Elle lui tendit la dernière lettre, datée de deux semaines avant la disparition de Graff. Julian la lut à voix haute :
« Ma douce Alice, si tu tiens cette lettre, c'est que je n'ai pas pu survivre à ce que le conseil prépare. Garde l'anneau près de toi. Il ne te protégera pas des hommes, mais il te protégera de leurs mensonges. Le Codex n'est pas un livre qu'on lit. C'est un livre qui vous lit. Il connaît vos secrets avant même que vous les ayez gardés. Ne le laisse jamais tomber entre les mains de ceux qui se croient immortels. »
Julian releva les yeux, troublé. — Il parle comme quelqu'un qui savait qu'il allait mourir.
Eliza hocha la tête, un frisson lui parcourant l'échine. — Et il savait qui le tuerait. Il le nomme dans la lettre ?
Julian tourna la page. Il n'y avait rien d'autre — la lettre s'arrêtait là. Mais au bas du feuillet, presque invisible, une tache d'encre avait laissé une empreinte sur la page précédente, une trace de mots pressés par une main tremblante. Eliza l'avait déjà remarquée.
Elle fit pivoter la feuille. À la lumière du train qui traversait un tunnel, elle vit l'empreinte en transparence.
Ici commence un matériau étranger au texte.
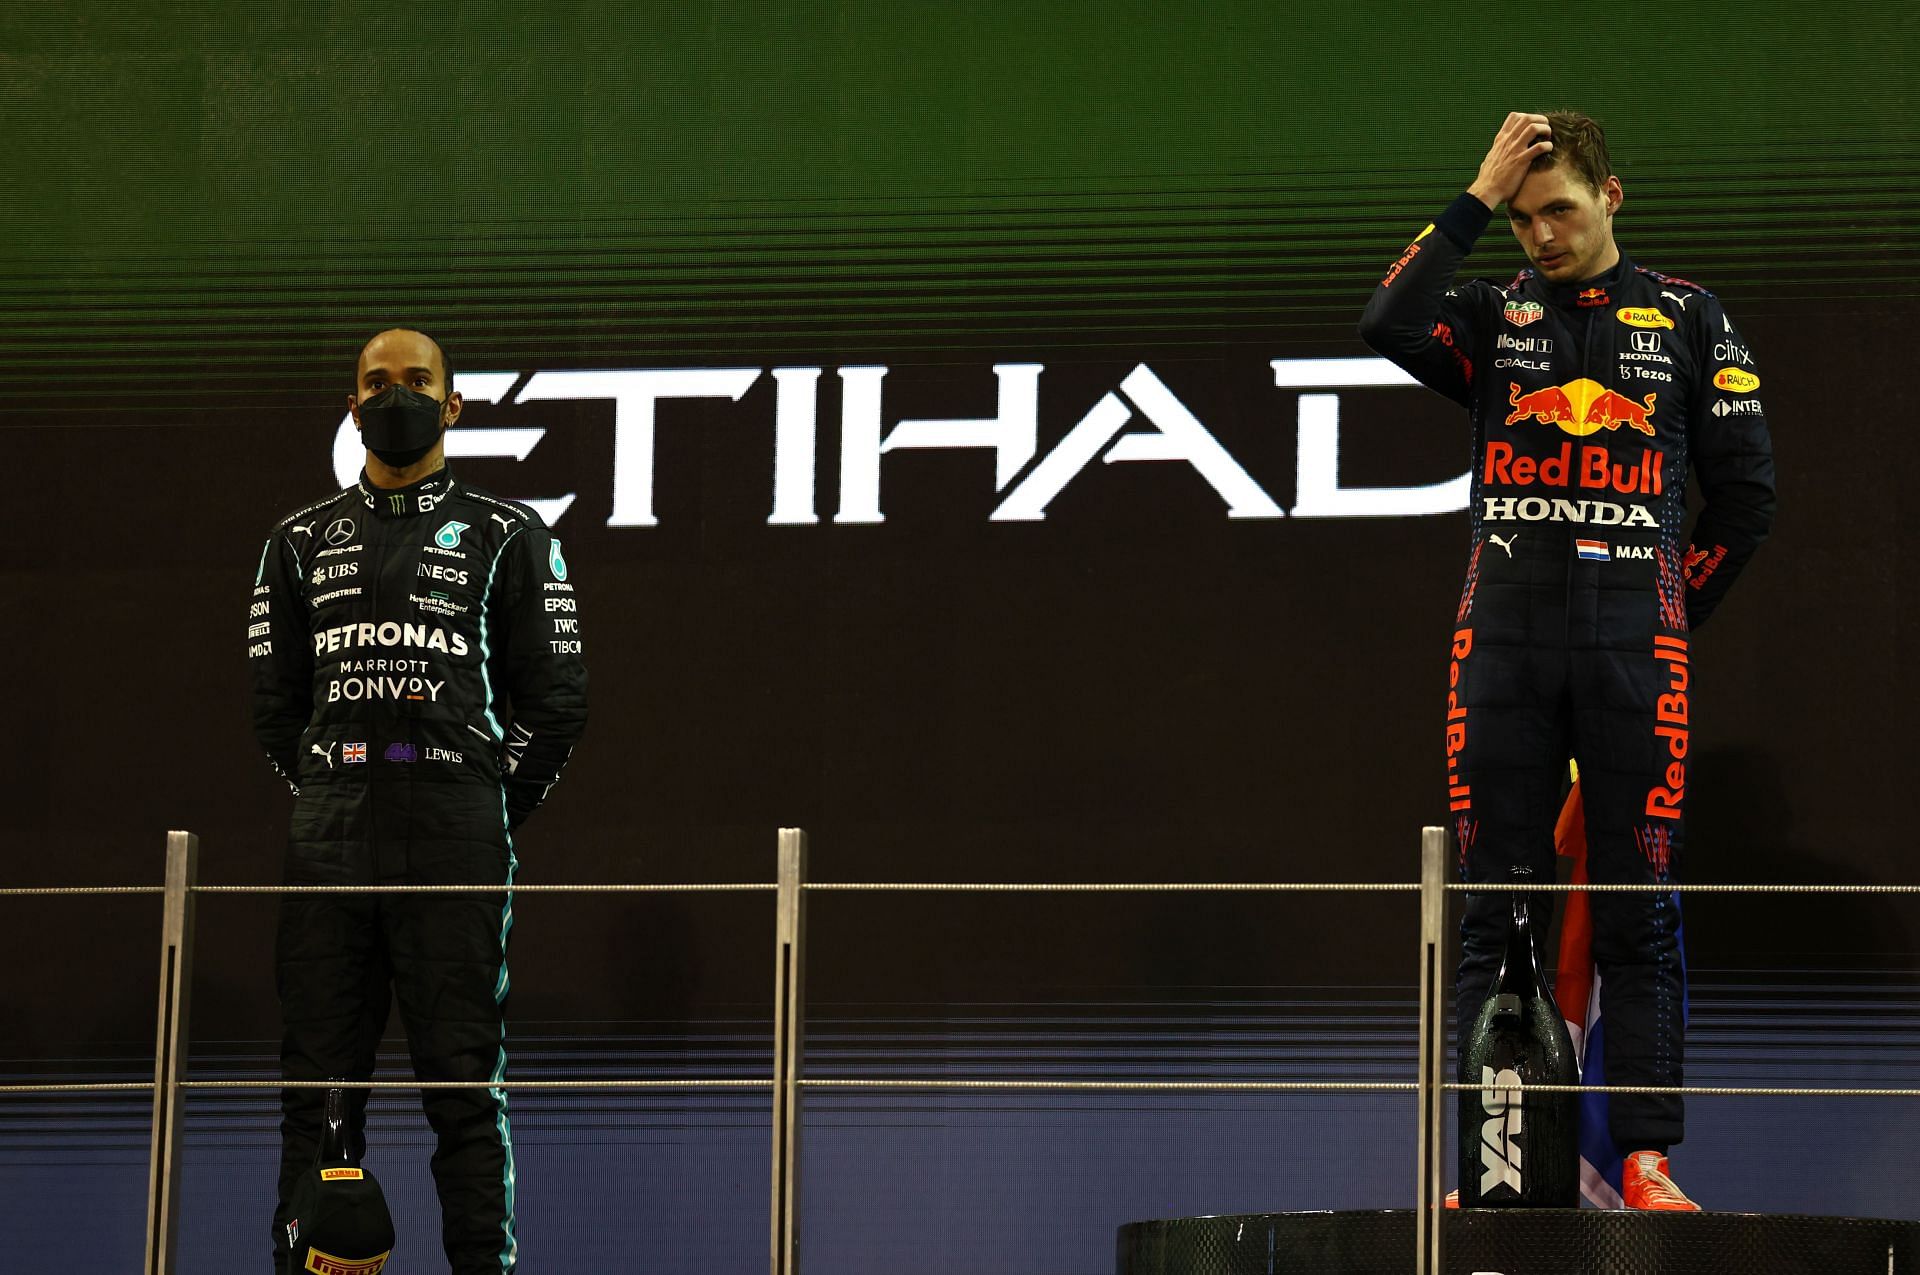 Abu Dhabi Grand Prix - Max Verstappen (R) and Lewis Hamilton

Un nom. Un seul nom, écrit en majuscules, dans l'urgence.
WHITMORE.
Le silence s'installa entre eux. Le train sortit du tunnel et le nom s'effaça, ne laissant qu'une trace grise sur le papier.
— Whitmore savait, dit Julian doucement. Il savait tout depuis le début. Le meurtre de Graff. Le meurtre de ton père. Et il te l'a fait payer, d'une manière ou d'une autre. Ta dette envers lui, c'est son secret qu'il te faisait payer.
Eliza rangea les lettres dans sa poche avec précaution, comme si elles pouvaient prendre feu. Derrière la vitre, les toits d'Oxford apparaissaient enfin, trempés de pluie, majestueux et indifférents à la jeune femme qui revenait de chez les morts pour y retourner.
— À Oxford, dit-elle.
— Whitmore n'est pas à Oxford, répliqua Julian. Il est au manoir Carlisle. Il nous attend.
— Alors nous allons au manoir Carlisle.
Le train ralentit, les rails geignant sous le freinage. Eliza se leva et réajusta son sac. Il était temps de rendre visite à une dette qui datait de vingt ans.